Наконец, эти долгие медицинские мучения закончились и нас повезли на краевой сборный пункт, где стали формировать команды для отправки в войска. В этом изрядно загаженном учреждении — «бомжатнике» мы провели целых трое суток, пока нас, грязных и изрядно заросших щетиной, наконец, не разбросали по командам (Олега сразу же выдернул какой-то высокий красивый майор — «покупатель» с дальневосточной мотострелковой дивизии, дислоцированной в городе Облучье Амурской области). Меня же, вместе с 15 моими однокурсниками, отправили на поезде в город Омск. Как сейчас помню — было уже 11 ноября 1986 года, а Барнаул, «роняя слезы», прощался со мной теплым, почти летним дождем.
Прибыв в Омск, мы поняли, что это, оказывается, тоже еще не все. В 14 — м военном городке связистов, куда нас привезли, в большом спортивном зале начался второй, последний, этап формирования войсковых команд. Здоровенный майор — танкист сразу же отделил от остальных нашу группу из 15 человек, оставив только меня одного, стоящим посреди зала. «А этого почему не берешь?» — спросил его подполковник с эмблемой войск связи. «Да на хрена мне нужен этот «дистрофан», — сказал майор — танкист, презрительно показывая на меня. — Он ведь обсерится в танке, когда снаряд в 40 кг поднимет!» И меня, уже никому ненужного, отвели в сторону от скомплектованной из моих сокурсников команды танкистов. Вот так, походя, между прочим, была решена Судьба «раба» на этом омском «невольничем рынке Занзибара».
Какой — то сержант с эмблемой артиллериста (только потом, спустя некоторое время, я узнаю в нем сержанта Мезенцева) отвел меня и Каширского в пустую казарму 14-го городка. Саша Каширский (с которым мы практически не дружили и не общались в университете) молча взгромоздился на второй ярус солдатской кровати и уснул.

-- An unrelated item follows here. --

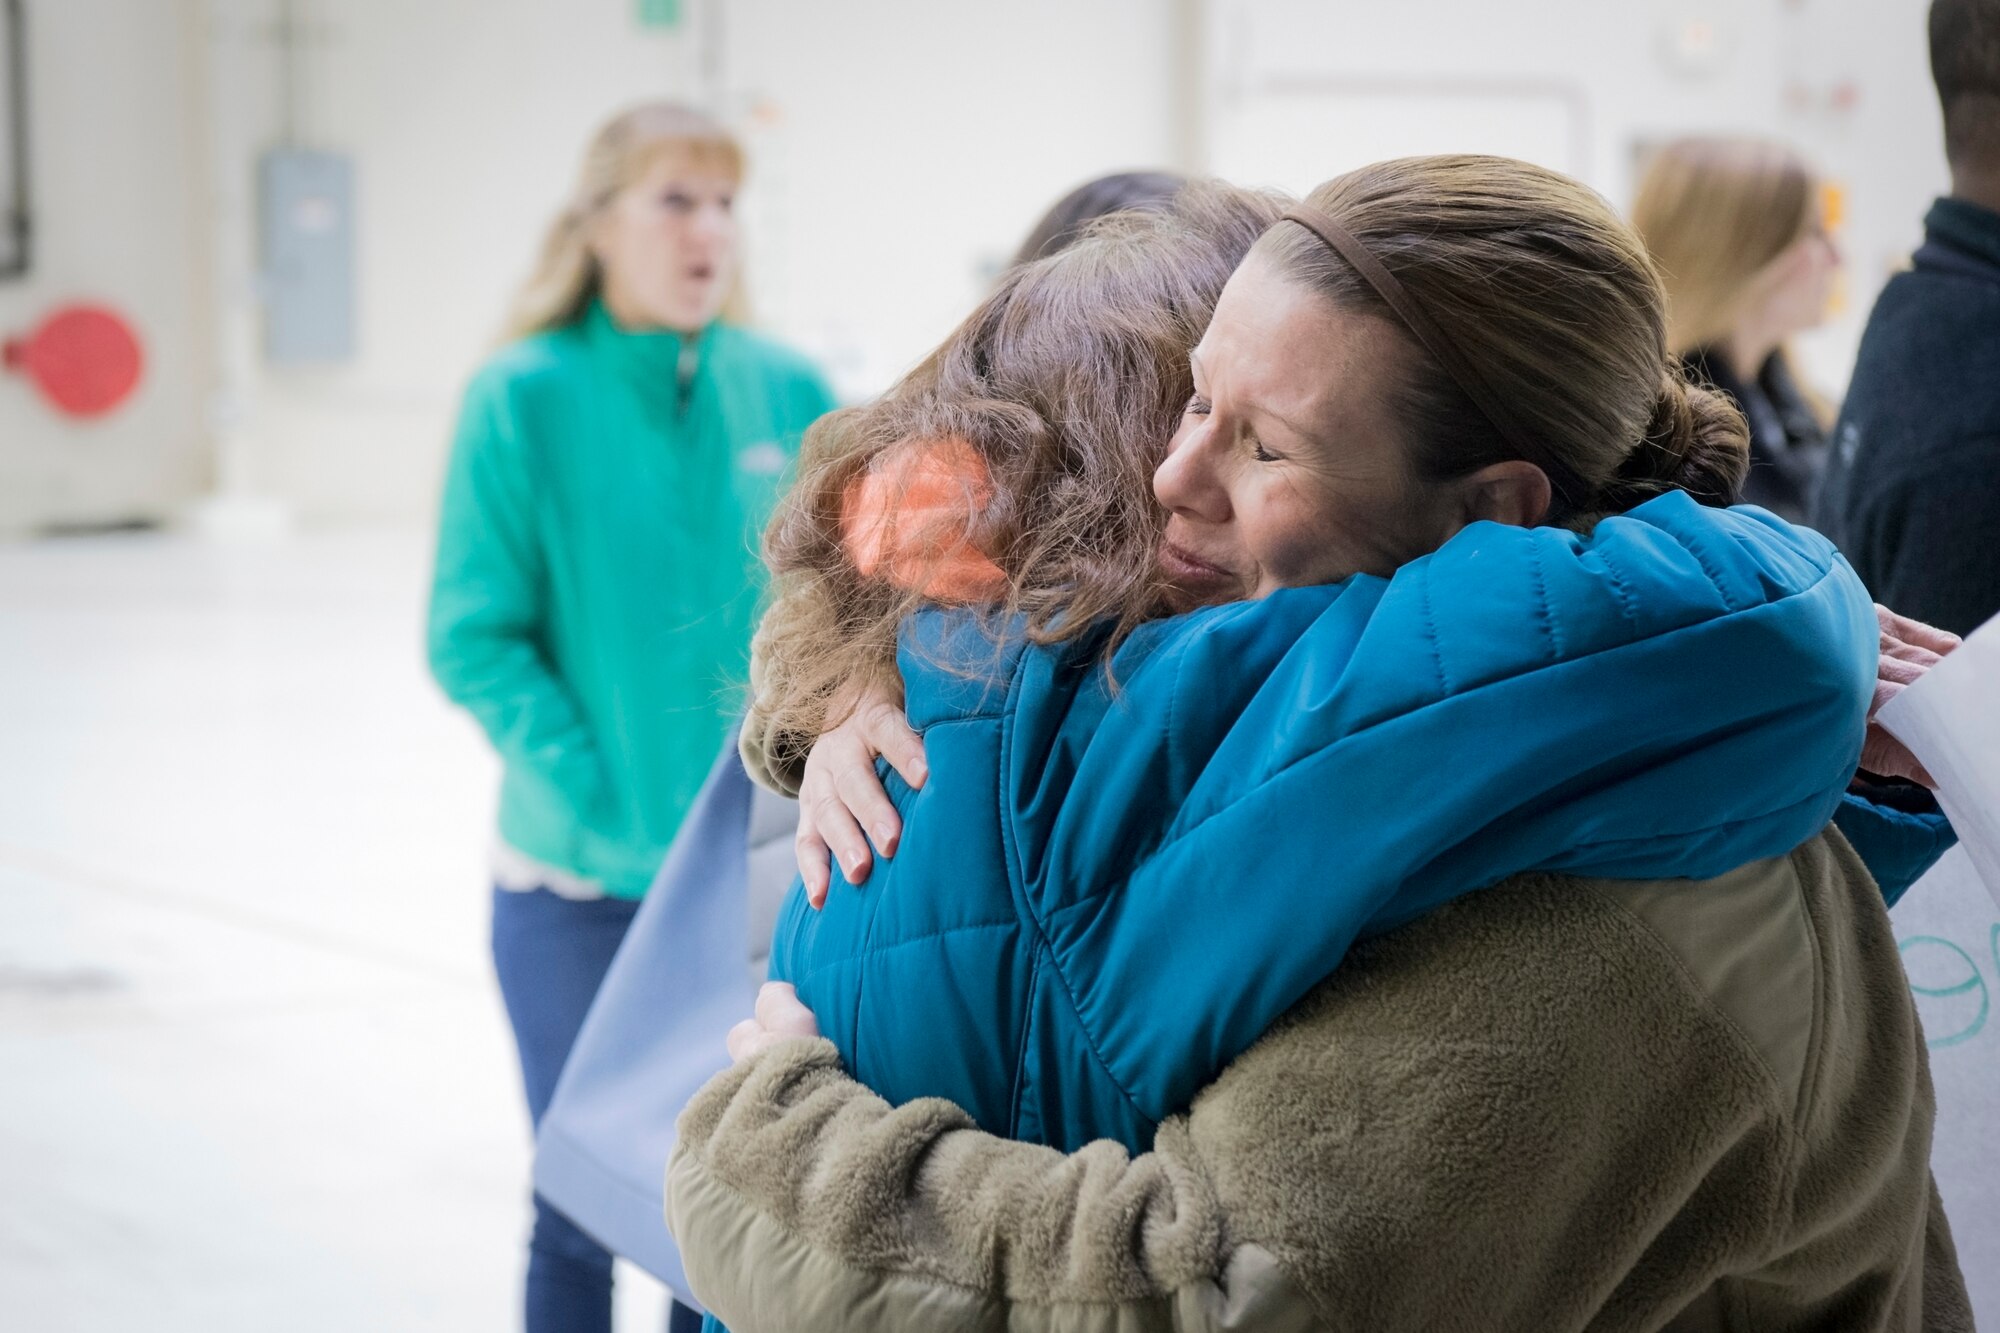 Tech. Sgt. Christina Howland, 434th Operations Support Squadron aircrew flight equipment NCOIC, hugs her mother, Karen Lile, after arriving at Grissom Air Reserve Base, Ind. Jan. 8, 2019. Howland was one of 18 Airmen and three KC-135s who returned home following a deployment to Southwest Asia. (U.S. Air Force photo / Master Sgt. Ben Mota)

Я долго еще не мог заснуть в эту первую свою армейскую ночь, обуреваемый сильными чувствами и переживаниями. В голове назойливо крутилась невесть откуда взявшаяся пронзительная мелодия для саксофона — тема ностальгии, которая пройдет печальным лейтмотивом через всю мою армейскую службу.
Ведь там, позади, где — то очень далеко, осталась моя светлая и счастливая Юность. Впереди меня ждали лишь беспросветный мрак и полная неопределенность!
«Ты пошто так на меня глядишь зверообразно? Али я тебе не нравлюсь? Обещаю, что скоро ты меня полюбишь больше, чем родного отца!» — с такими зловещими словами встретил меня в ишимской гвардейской учебке артиллерийского полка старшина батареи прапорщик Уколов. Пожалуй, это была самая харизматичная личность, которую я встретил в армии. Старшине Уколову было что-то около 45 лет, из них 20 он провел в солдатских казармах. Армия уже давно заменила ему семью, а казарма — дом и уют, так необходимые любому человеку. Прапорщик имел довольно странное продолговатое лицо, сплошь испещренное сосудистыми прожилками, с оттопыренными в сторону ушами, обмороженными во время службы на Крайнем Севере, и огромным мясистым носом, который Создатель наспех, кое-как прилепил к его и без того крайне непривлекательному лицу. Несмотря ни на что, это был лучший старшина, которого я встречал в войсках; настоящий воин — профессионал, на которых, собственно, испокон веков и держится русская армия.